**EXERCISE AIM:** Exact repetition of a range: find the line containing "One-Hundred-Pounds-Gift-Voucher-Mens-Hair-Tools" and the line containing "Insulated 2-Compartment Lunch" in the material below, then repeat both and all lines between them, leaving pictures out.

** Opening RECORD EXTRACTS block **

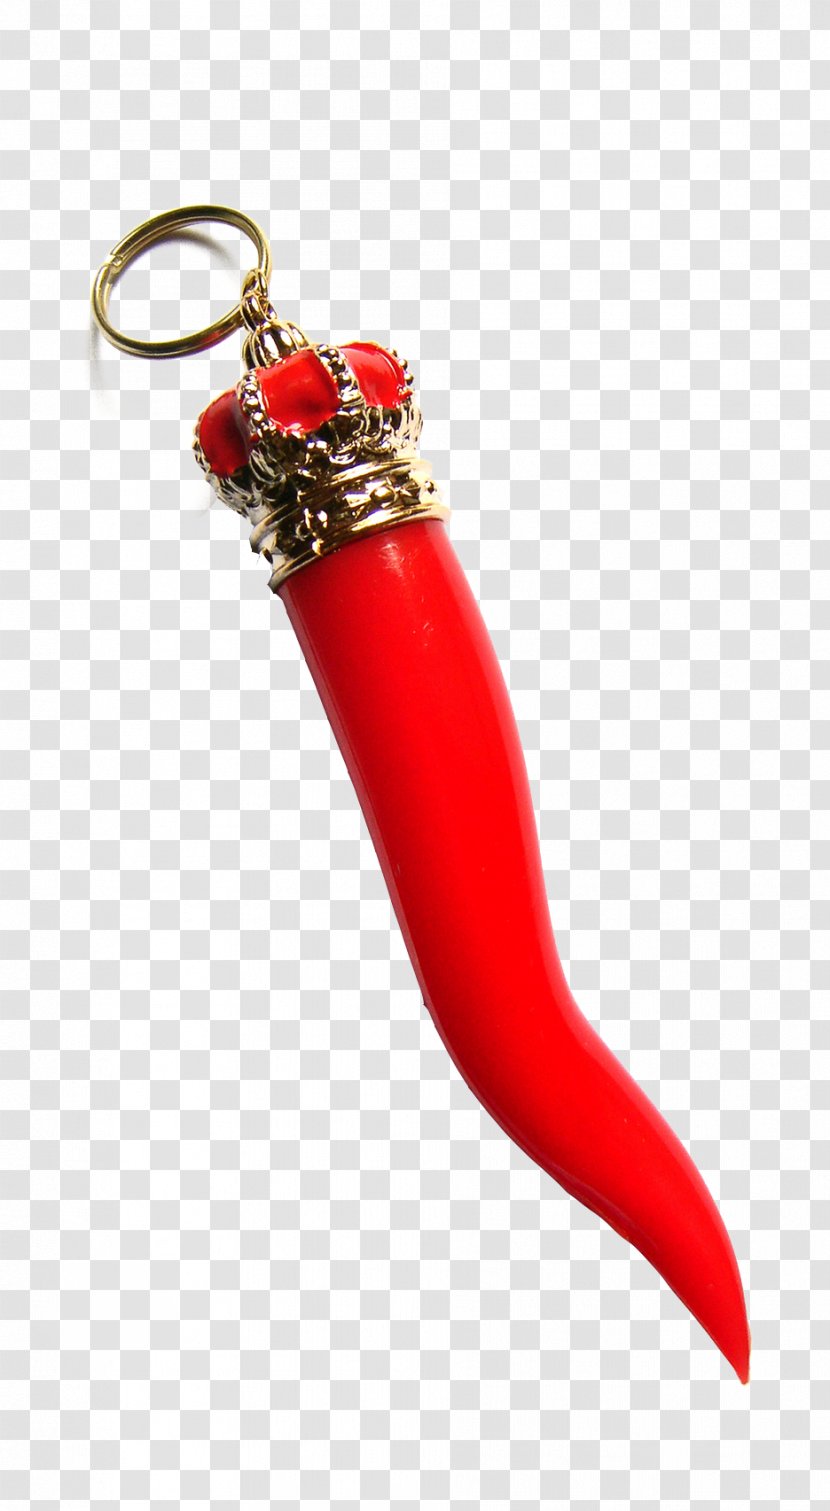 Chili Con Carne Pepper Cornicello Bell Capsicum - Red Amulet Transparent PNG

** Closing RECORD EXTRACTS block **
** Opening RECORD EXTRACTS block **

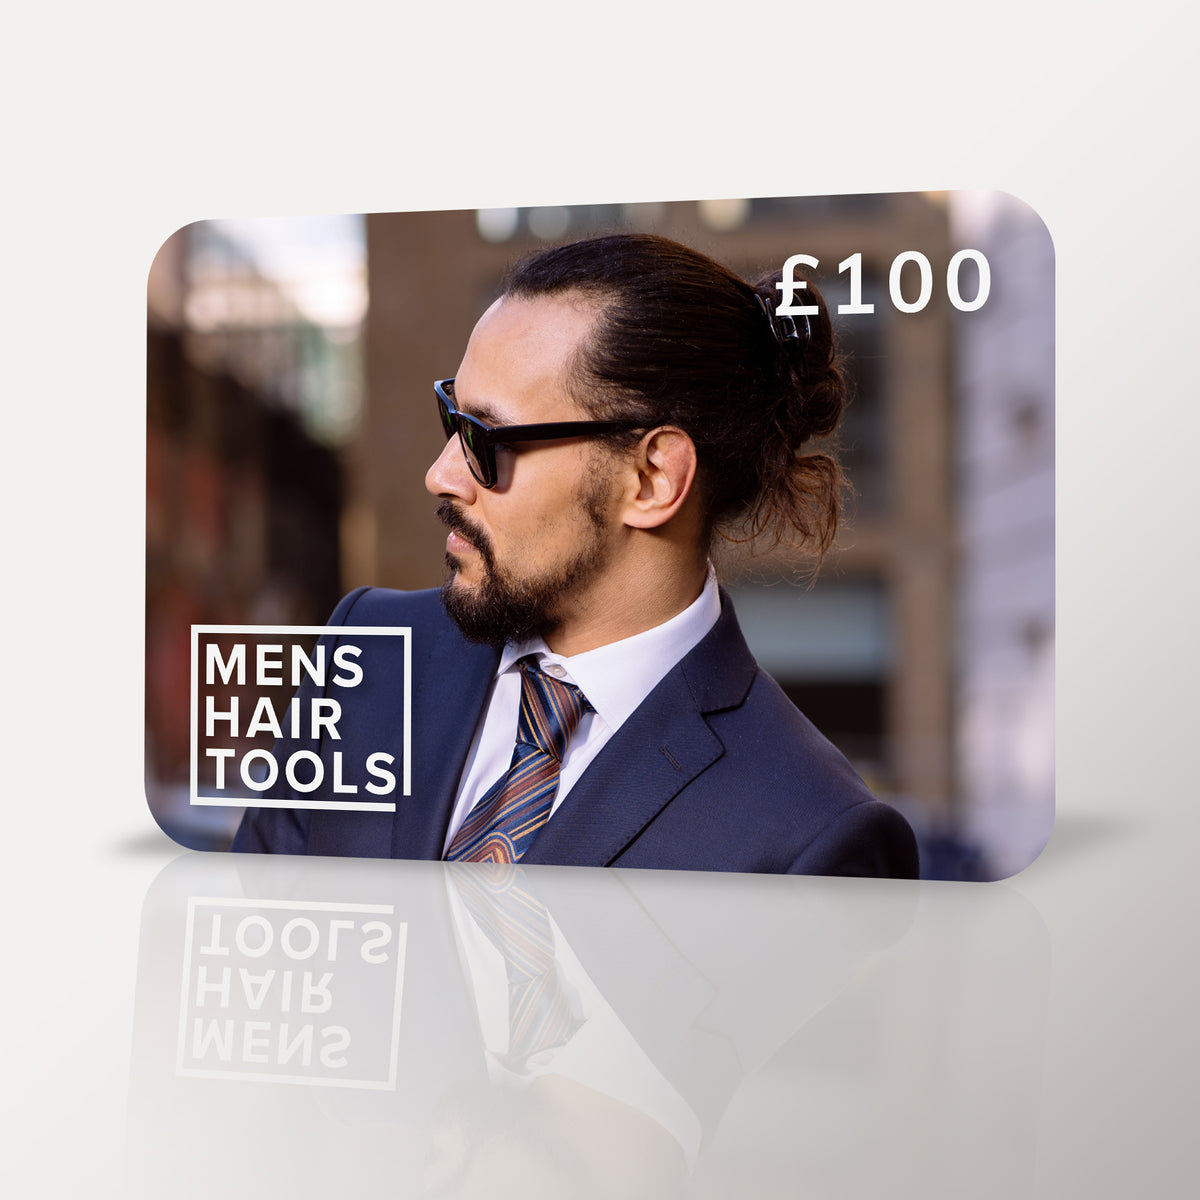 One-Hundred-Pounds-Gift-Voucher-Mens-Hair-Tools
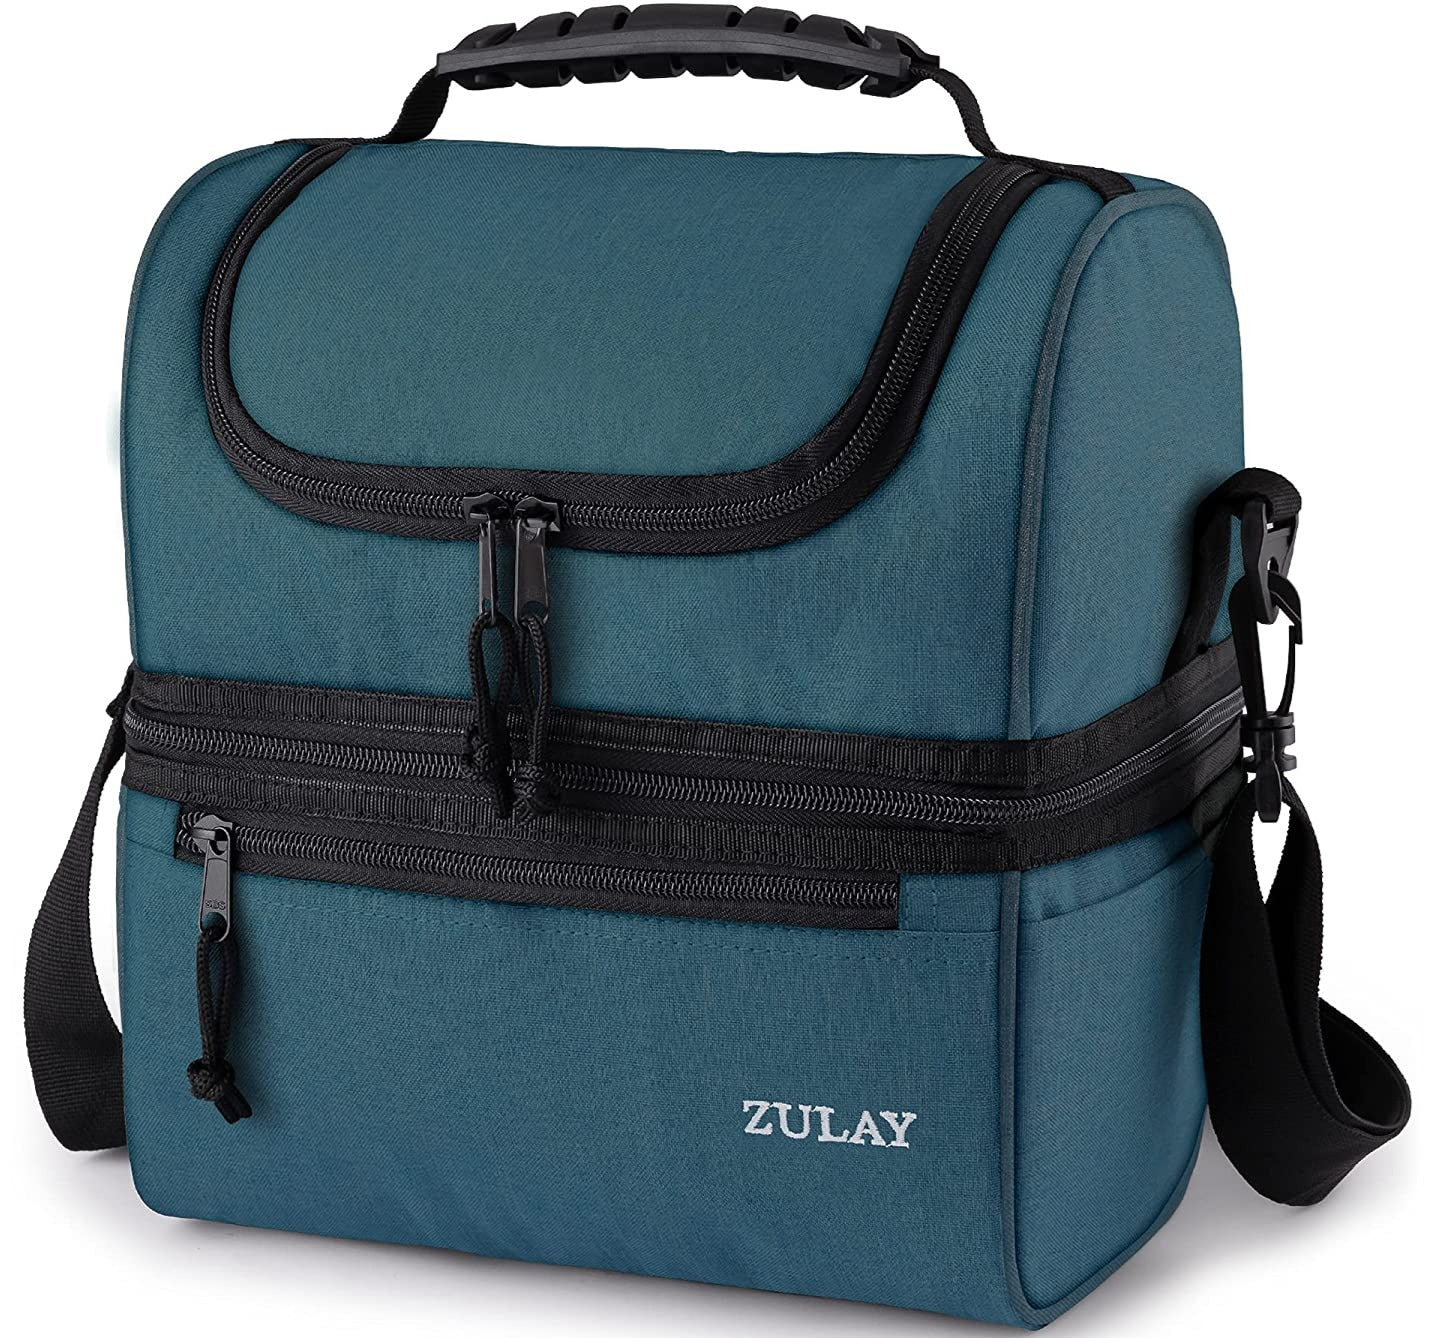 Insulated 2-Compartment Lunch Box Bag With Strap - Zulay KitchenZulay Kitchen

** Closing RECORD EXTRACTS block **

**SOLUTION TO THIS EXERCISE:**
 One-Hundred-Pounds-Gift-Voucher-Mens-Hair-Tools
 Insulated 2-Compartment Lunch Box Bag With Strap - Zulay KitchenZulay Kitchen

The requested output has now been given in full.